John Walker's Electronic House

by on Dec.10, 2004, under The Rest

Right, you’re going to have to squeeze your eyes tight shut if you’re afraid of a bit of a swear.

Below are the lyrics to the King Missile song, It’s Saturday, which until the RIAA and BPI catch me and imprison me for the rest of my unnatural life, is here to STEAL LIKE A PIRATE.

It goes like this:

I want to be different, like everybody else I want to be like.
I want to be just like all the different people.
I have no further interest in being the same,
because I have seen difference all around,
and now I know that that’s what I want.
I don’t want to blend in and be indistinguishable,
I want to be a part of the different crowd,
and assert my individuality along with the others,
who are different like me.
I don’t want to be identical to anyone or anything.
I don’t even want to be identical to myself.
I want to look in the mirror and wonder,
“who is that person?

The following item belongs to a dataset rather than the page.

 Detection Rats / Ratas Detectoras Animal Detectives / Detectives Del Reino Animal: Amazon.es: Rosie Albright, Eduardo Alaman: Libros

I’ve never seen that person before;
I’ve never seen anyone like that before.”
I want to call into question the very idea that
identity can be attached.
I want a floating, shifting, ever changing persona:
Invisibility and obscurity,
detachment from the ego and all of its pursuits.
Unity is useless.
Comformity is competitive and divisive and leads only to
stagnation and death.
If what I’m saying doesn’t make any sense,
that’s because sense can not be made.
It’s something that must be sensed.
And I, for one, am incensed by all this complacency.
Why oppose war only when there’s a war?
Why defend the clinics only when they’re attacked?
Why are we always reactive?
Let’s activate something.
Let’s fuck shit up.
Whatever happened to revolution for the hell of it?
Whatever happened to protesting nothing in particular,
just protesting ’cause it’s Saturday and there’s nothing else to do?